But I think over the next ten or 15 years, most Americans will have to come to terms with insolubility and, assuming we’re still a more-or-less functioning democracy, our leaders will follow suit. So we may retreat at first, but in time Americans will see that retreat from the world stage isn’t really a viable option. Then we’ll probably overreact (again) for a few years; let’s just hope we do it without creating the catastrophes we created a decade ago. And then, hopefully, if we have the right kind of President, and if the Republican Party has lost enough consecutive presidential elections that it finally decides to stop being a rage machine and start thinking quasi-responsibly again, we’ll be able to make a foreign policy that attempts to meet the world’s needs.
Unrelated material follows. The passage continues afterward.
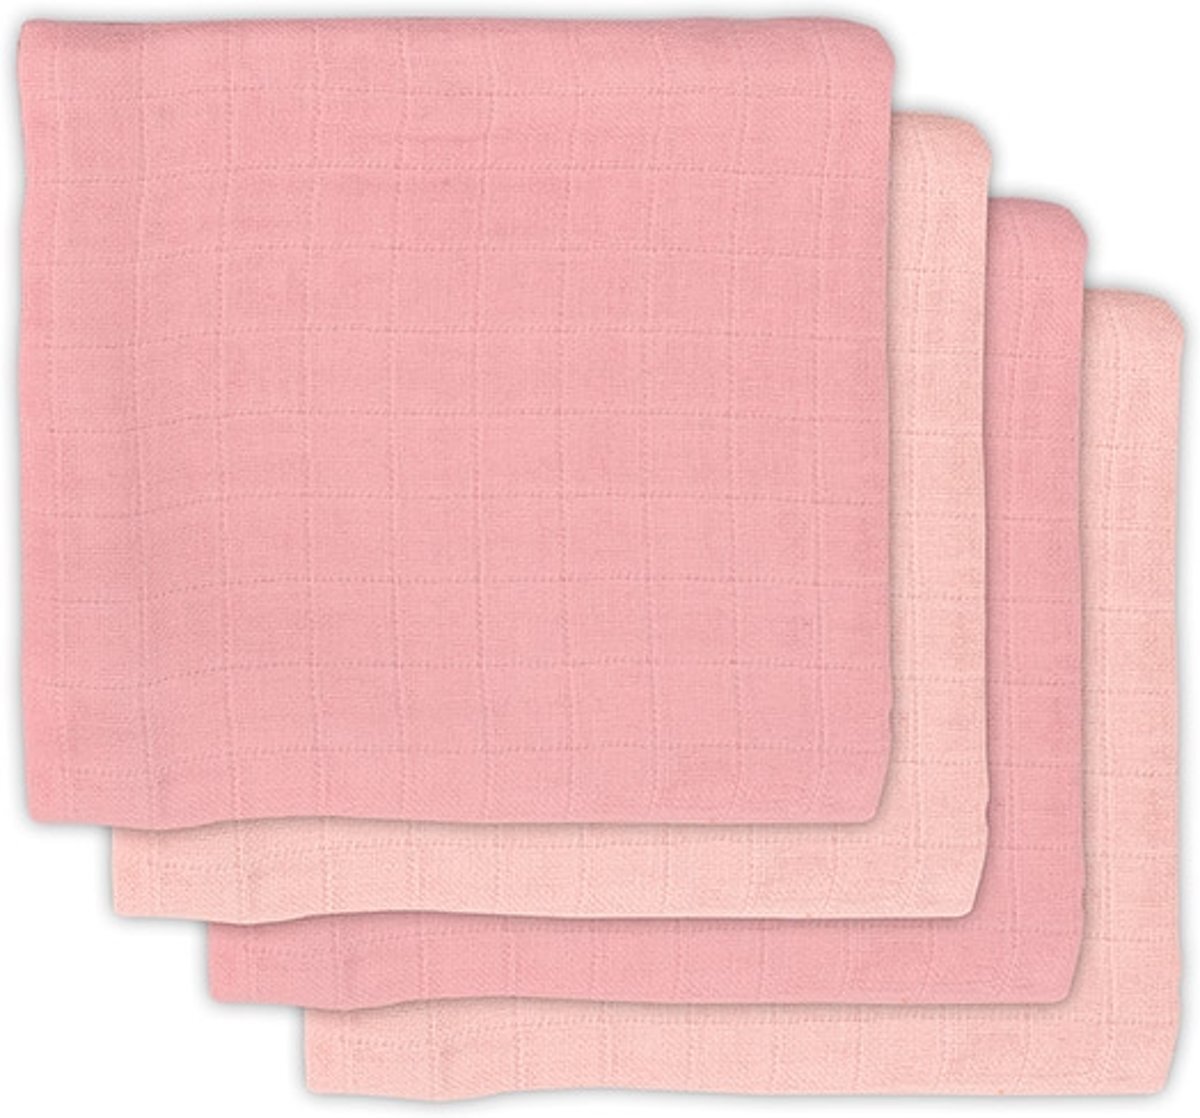 Jollein Hydrofiele doek Bamboe 4 stuks Pale pink 70x70cm roze

It will be engaged but not presumptively militaristic, strong but highly multilateral, and most of all it will take a broader and less defensive view of American interests, so that with any luck a consensus will support, for example, the idea that the United States has a clear interest in helping West African countries build health-care infrastructures before a virus starts to kill thousands.

However things turn out, this global dystopia is going to reshape our culture and our politics in a profound way. Maybe instead of constantly thinking about how different we are from the rest of the world, how their problems aren’t ours, we’ll start thinking just a little more that our fate is tied to the rest of the world’s. And if we do that, maybe some of these problems will start seeming, and actually being, soluble after all.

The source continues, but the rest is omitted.